Multichannel Campaign Management Meets Customer Journey – a User Case

Multichannel Campaign Management Meets Customer Journey

This user’s case demonstrates how you can use multichannel campaign management to improve your customers’ journeys.

A user case

A fictitious fashion retailer, Madison Island Fashion, (based on the Magento Demo Store) plans to open a new store in London. Marketing is tasked with drumming up interest for the opening event. The marketing team plans an automated multichannel campaign that should trigger certain activities based on customer behaviour along their journey.

Campaign planning

The new store opening campaign contains four main campaign steps, each including different channel communications. Firstly, Madison Island plans a Facebook awareness campaign for the new store, followed by a postcard mailing to customers and prospects living in the catchment area with an introductory money-off voucher. On the day of the store opening, visitors who come into the store should be welcomed by a triggered mobile push notification. Those that don’t have the time to visit on the day should receive an email with an offer and a prize draw. Finally, a follow-up step must take place, based on a three way behavioural split resulting in three tailored messages.

In the campaign management tool, the complete marketing process “All-in-one” looks as follows with 4 distinct steps: 1) Awareness 2) Pre-Store opening 3) Store opening 4) Post-opening follow-up.

Campaign plan in FastStats PeopleStage

Campaign execution

Step 1: Awareness

In the first step Madison Island plans a Facebook post that is designed to create awareness of the new store opening and to stimulate engagement. The following screenshot shows the creation and delivery step in the campaign, followed by a three-way split based on social responses: ‘Like’, ‘Shared’ and ‘Commented’ (useful for further Facebook activities).

Triggered via the time-based scheduler, the Facebook post appears within seconds on Madison’s Facebook page. See the “just now” label appearing in the post.

Step 2: Pre-store opening

In the second step, the fashion retailer analyses its customer and prospect database.

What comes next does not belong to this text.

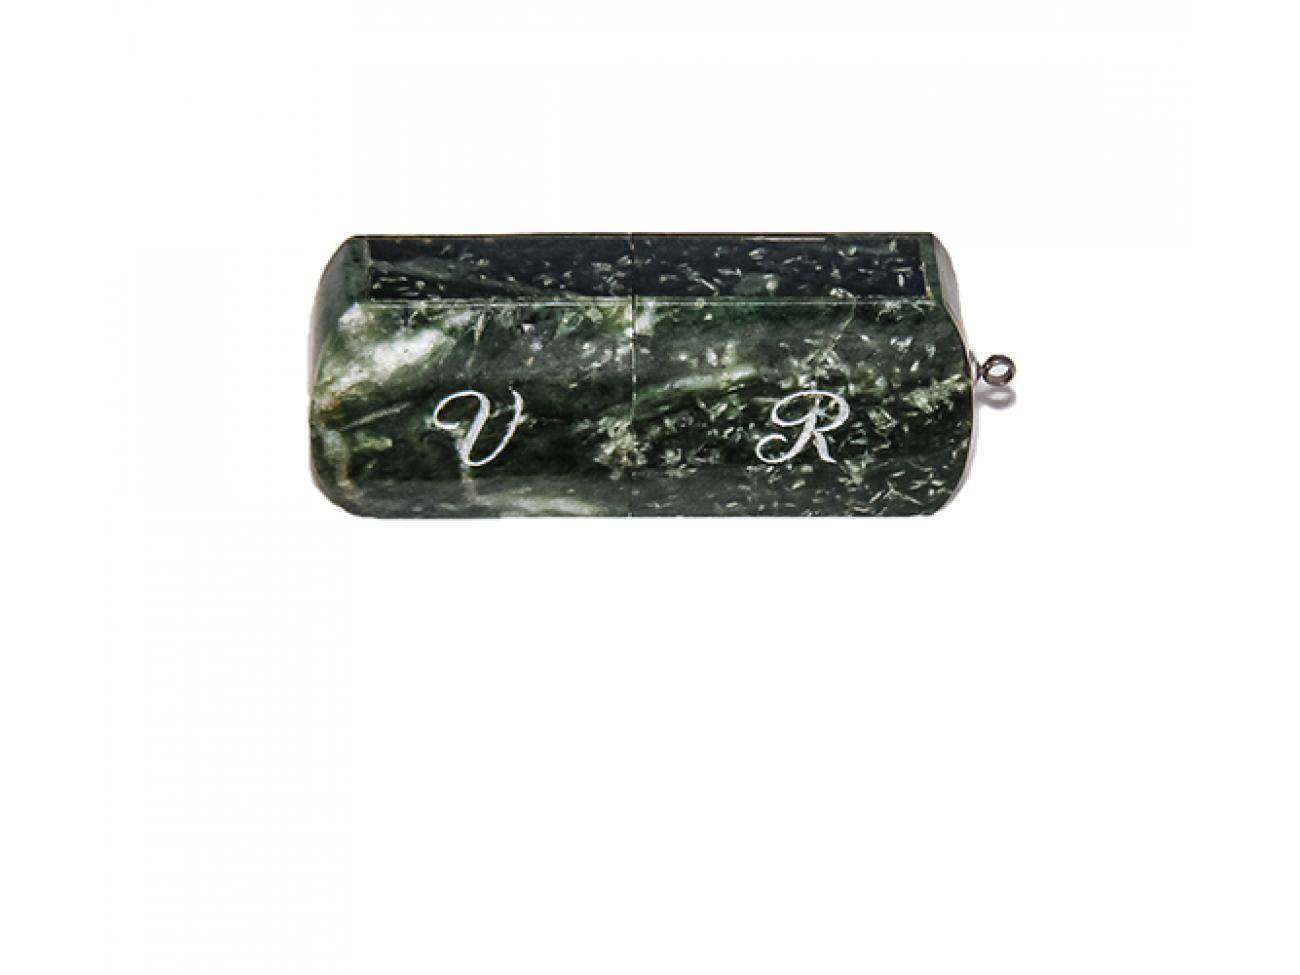 Флешка из камня Vöhringer USB 2.0 16 GB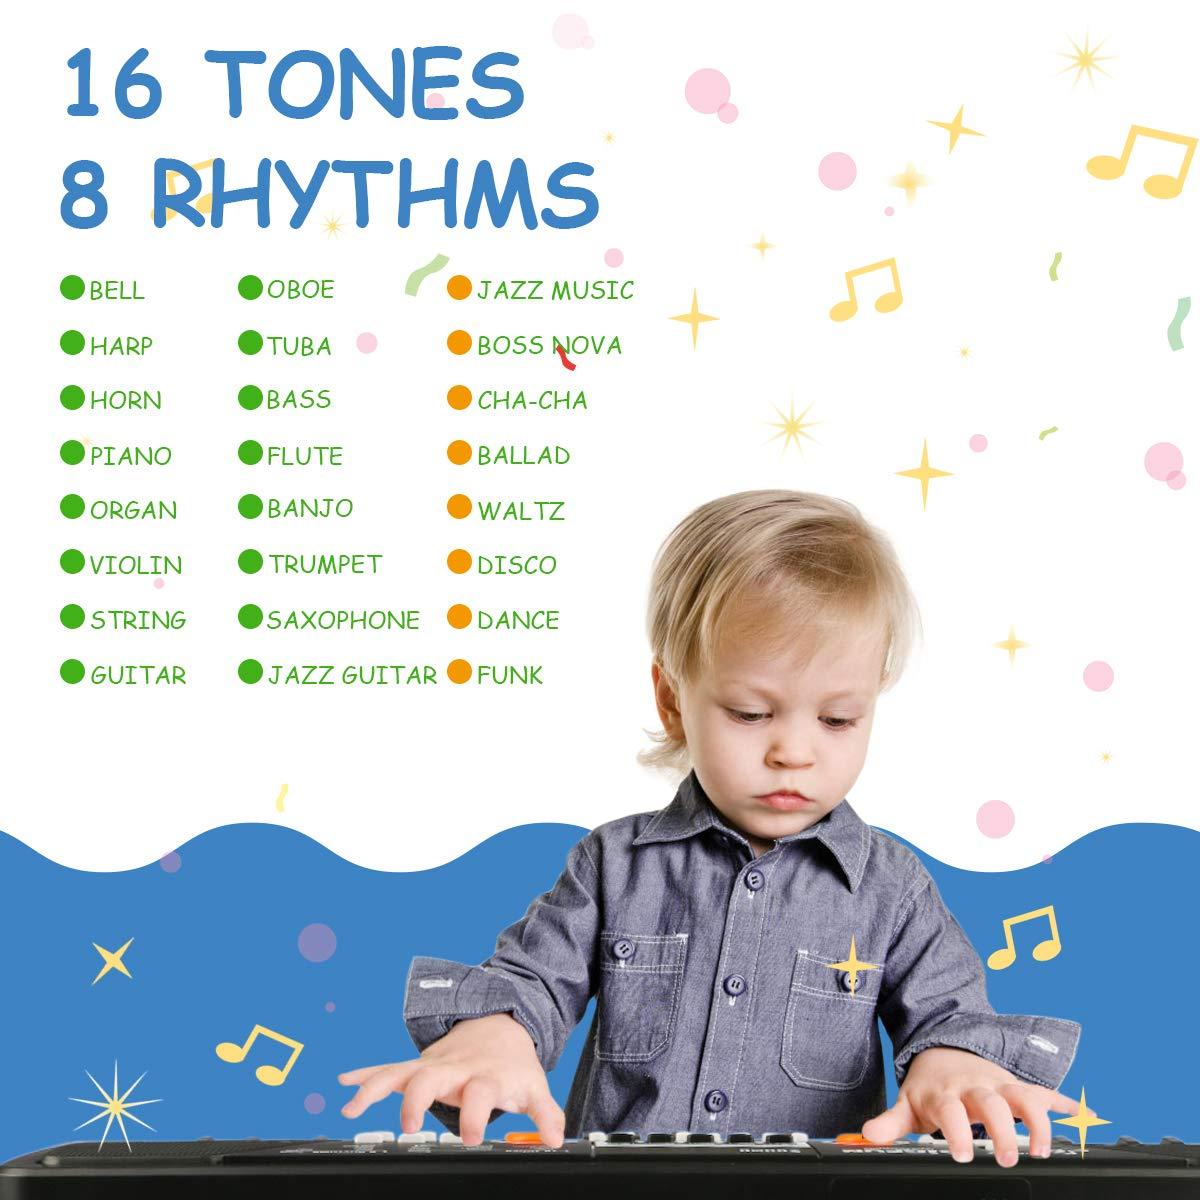 RenFox 49 Key Piano Keyboard Portable Electronic Kids Piano Keyboard Beginner Digital Music Piano Keyboard & Microphone Teaching Toy Gift for Kids Boy Girl by RenFox (Image #3)

Based on a 20 mile proximity to the new store location, they select the right audience for a postcard mailing with an introductory discount voucher. In order to reduce mailing costs, there must be a minimum of 20 people in a pool before the agency creates and sends the mailing. This selection process can run on a regular basis (e.g. daily) in the run up to the store opening date.

The people that are selected receive the postcard mailing with a personalised link to a landing page to claim their introductory discount voucher. The landing page is pre-filled with their details. The campaign tool creates a shortened personalised link by calling an external webservice with a longer link name. Via a so-called ‘communication key’ (created with each communication output from the campaign) it is possible to link responders to specific communications, here for example, it is used to link downloadable voucher codes to individuals.

Step 3: The store opening

The big day has finally arrived and Madison Island opens its doors for the first time at the new location.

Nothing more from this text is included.